• **Assigned task**: Copy the listing below in full and skip every picture.

===== Recorded data =====

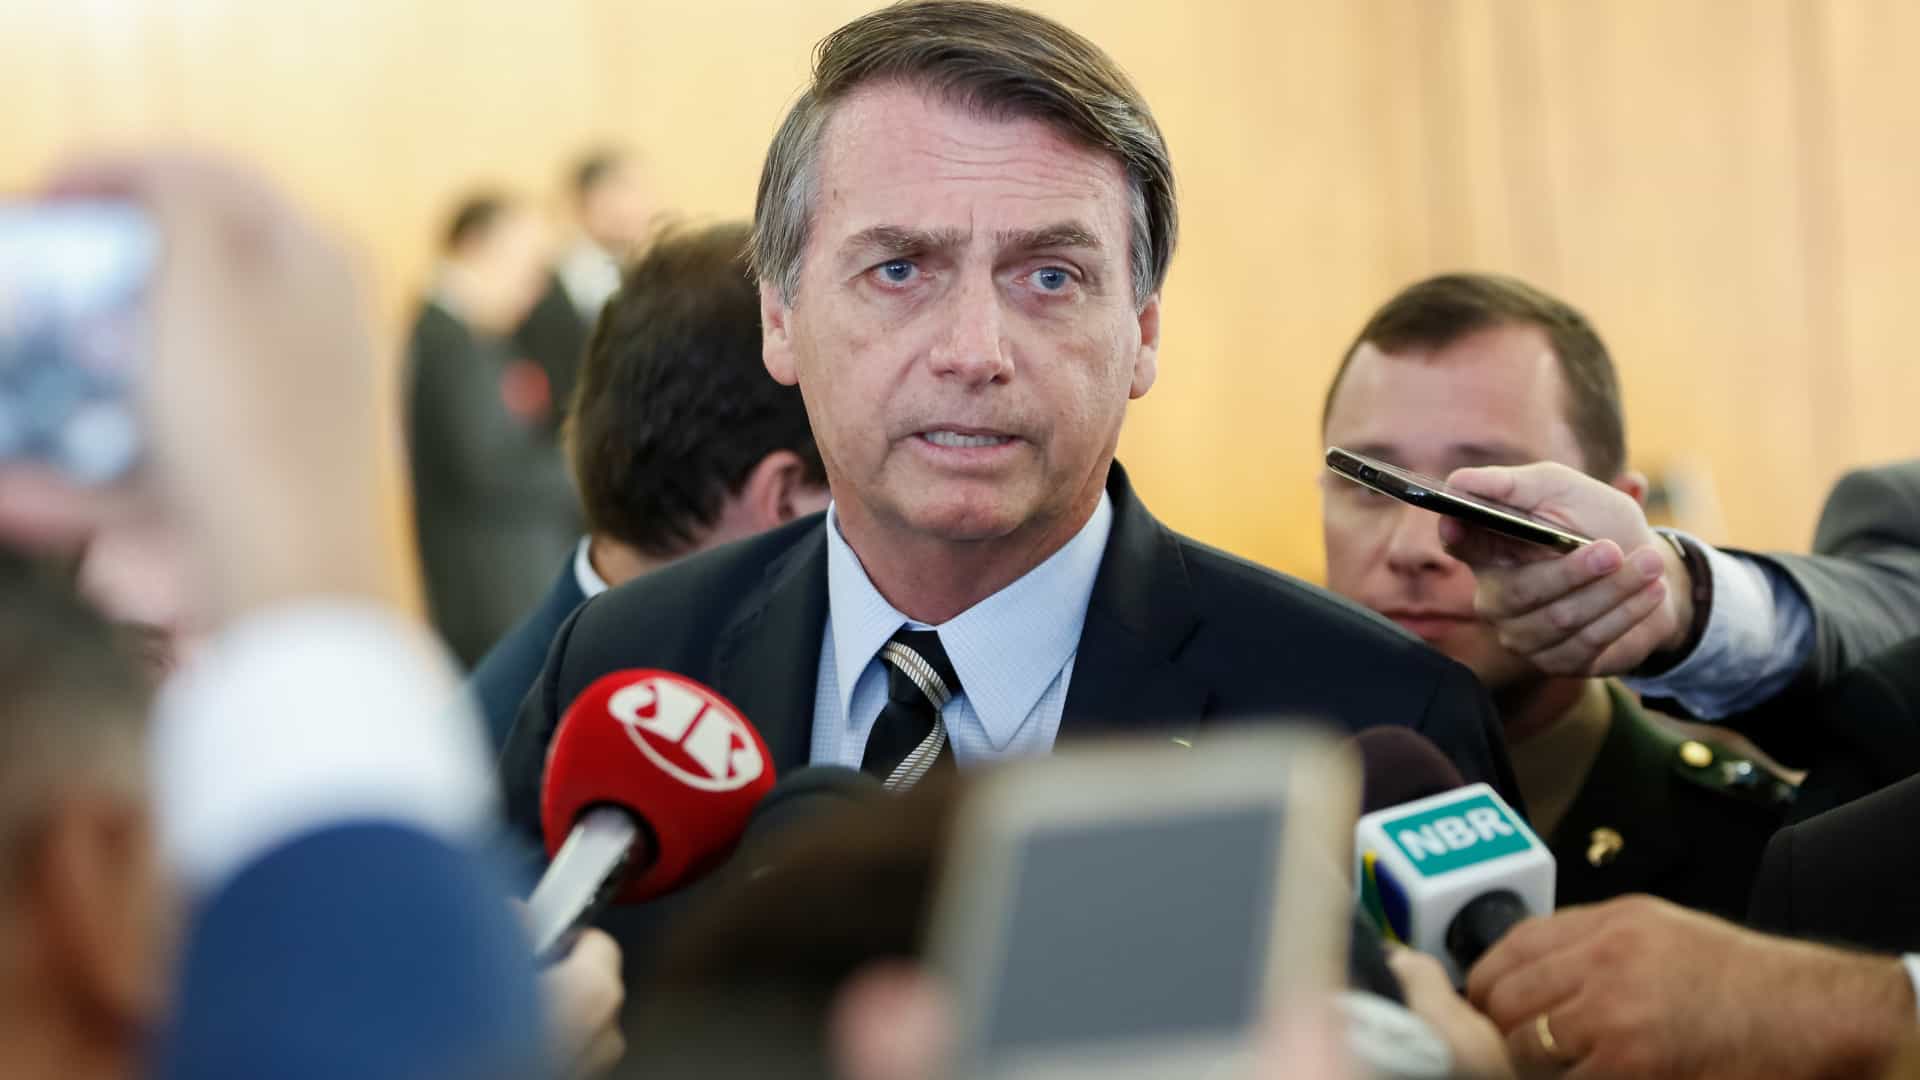 Se reforma da Previdência não for aprovada, Brasil quebra, diz Bolsonaro
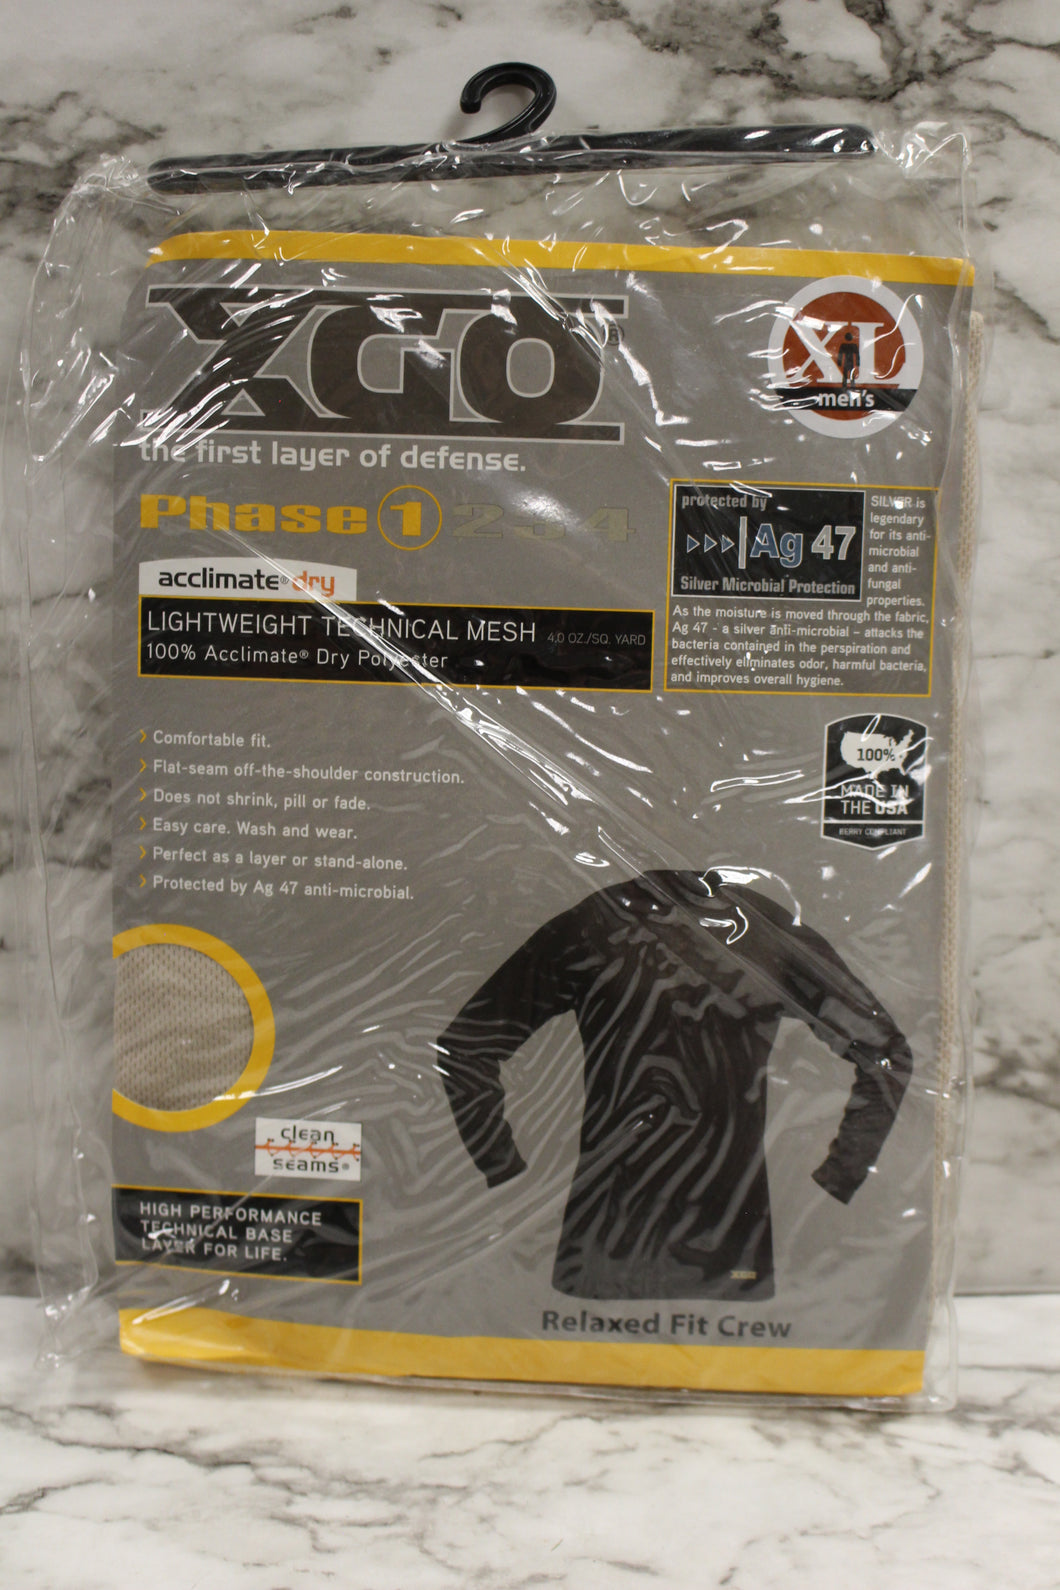 XGO Men's Phase 1 Lightweight Technical Mesh Shirt - Size: XL - Desert Sand -New
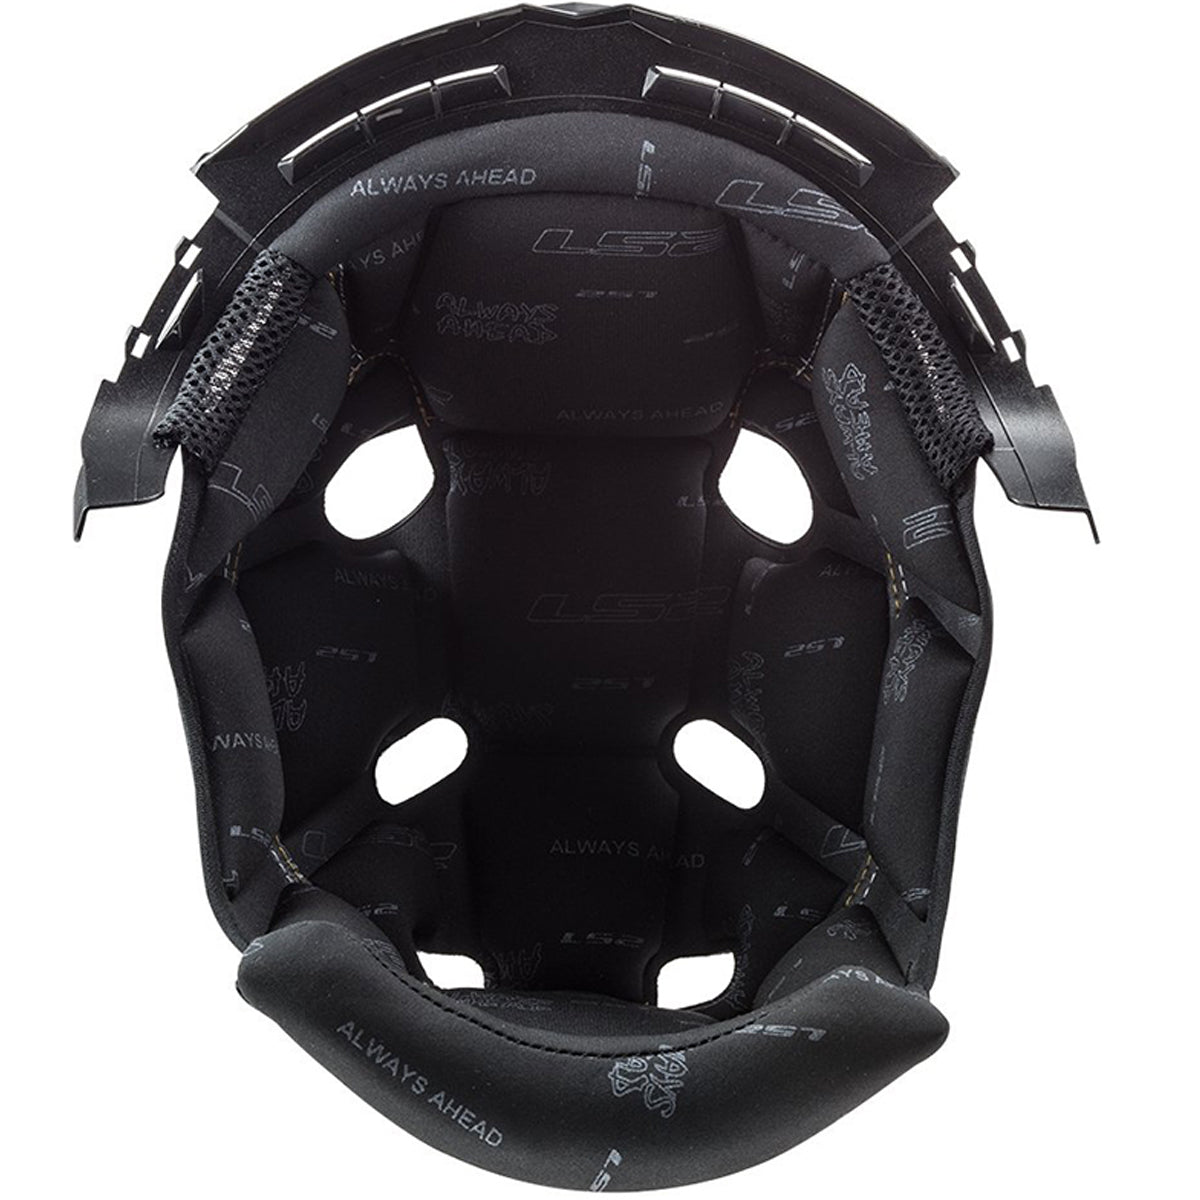 LS2 Subverter Blackout Liner Helmet Accessories-03-461
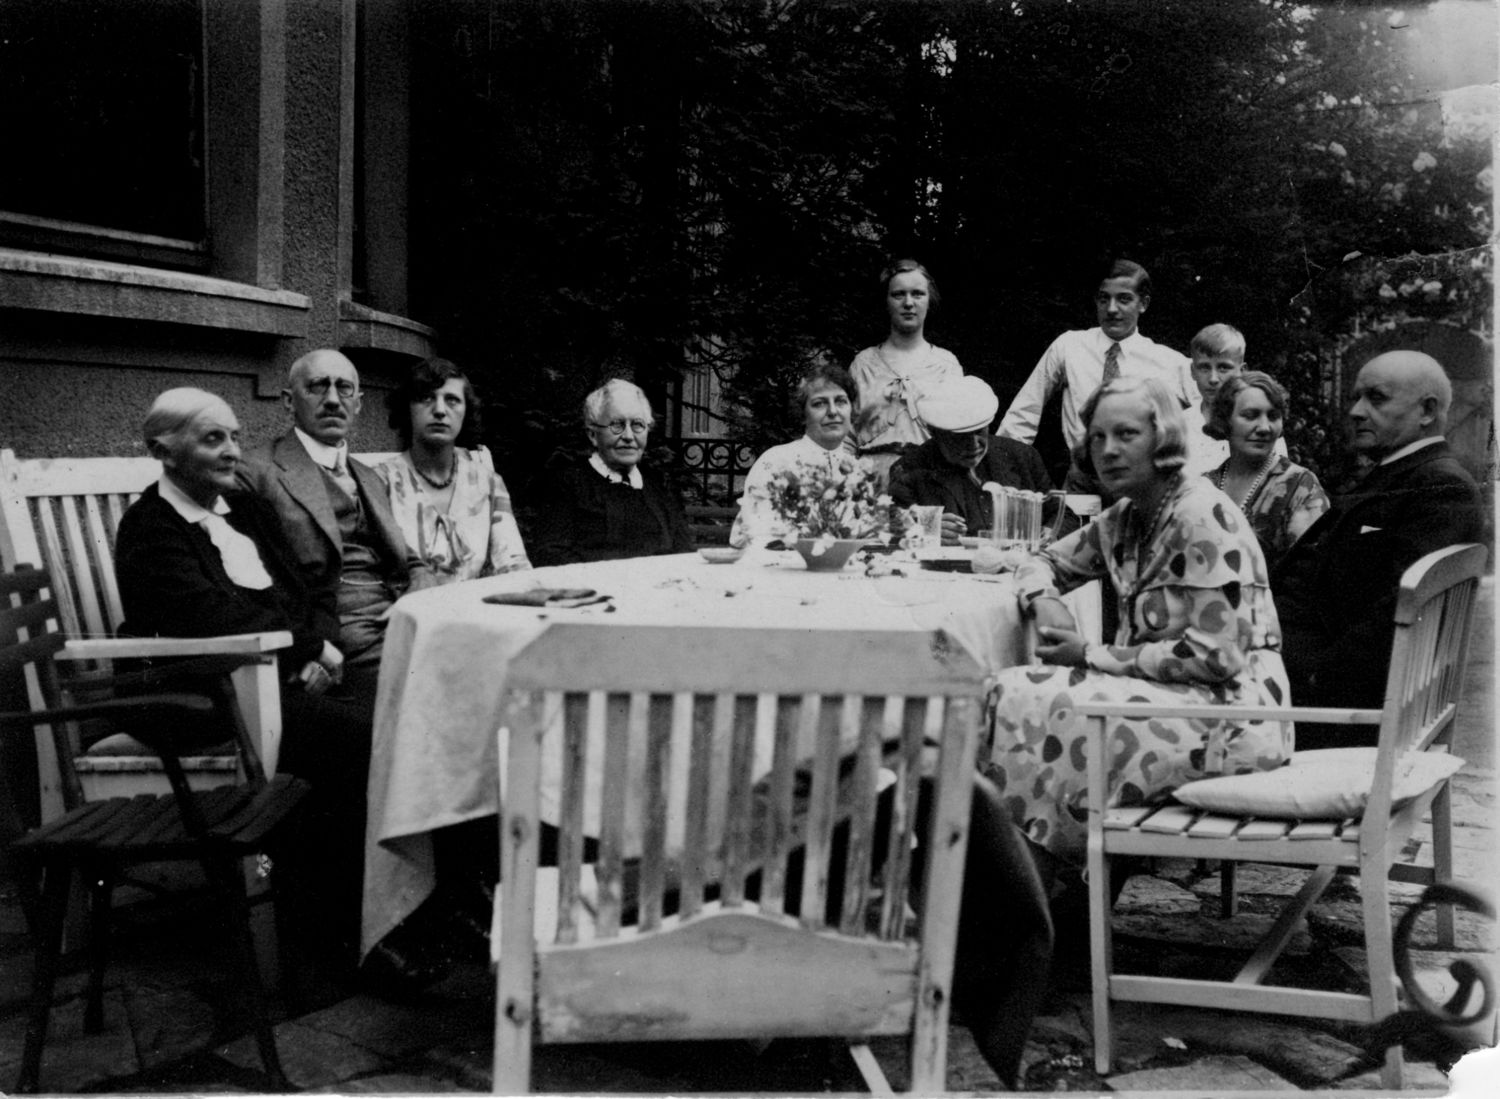 Jawlensky bei Familie Kirchhoff im Garten am Tisch, Beethovenstraße 10, Sommer 1927. Foto: Privatarchiv Heinrich Kirchhoff ⁄ NachlassMieze Binsack

=====

• **Task result**:
 Se reforma da Previdência não for aprovada, Brasil quebra, diz Bolsonaro
 XGO Men's Phase 1 Lightweight Technical Mesh Shirt - Size: XL - Desert Sand -New
 LS2 Subverter Blackout Liner Helmet Accessories-03-461
 Jawlensky bei Familie Kirchhoff im Garten am Tisch, Beethovenstraße 10, Sommer 1927. Foto: Privatarchiv Heinrich Kirchhoff ⁄ NachlassMieze Binsack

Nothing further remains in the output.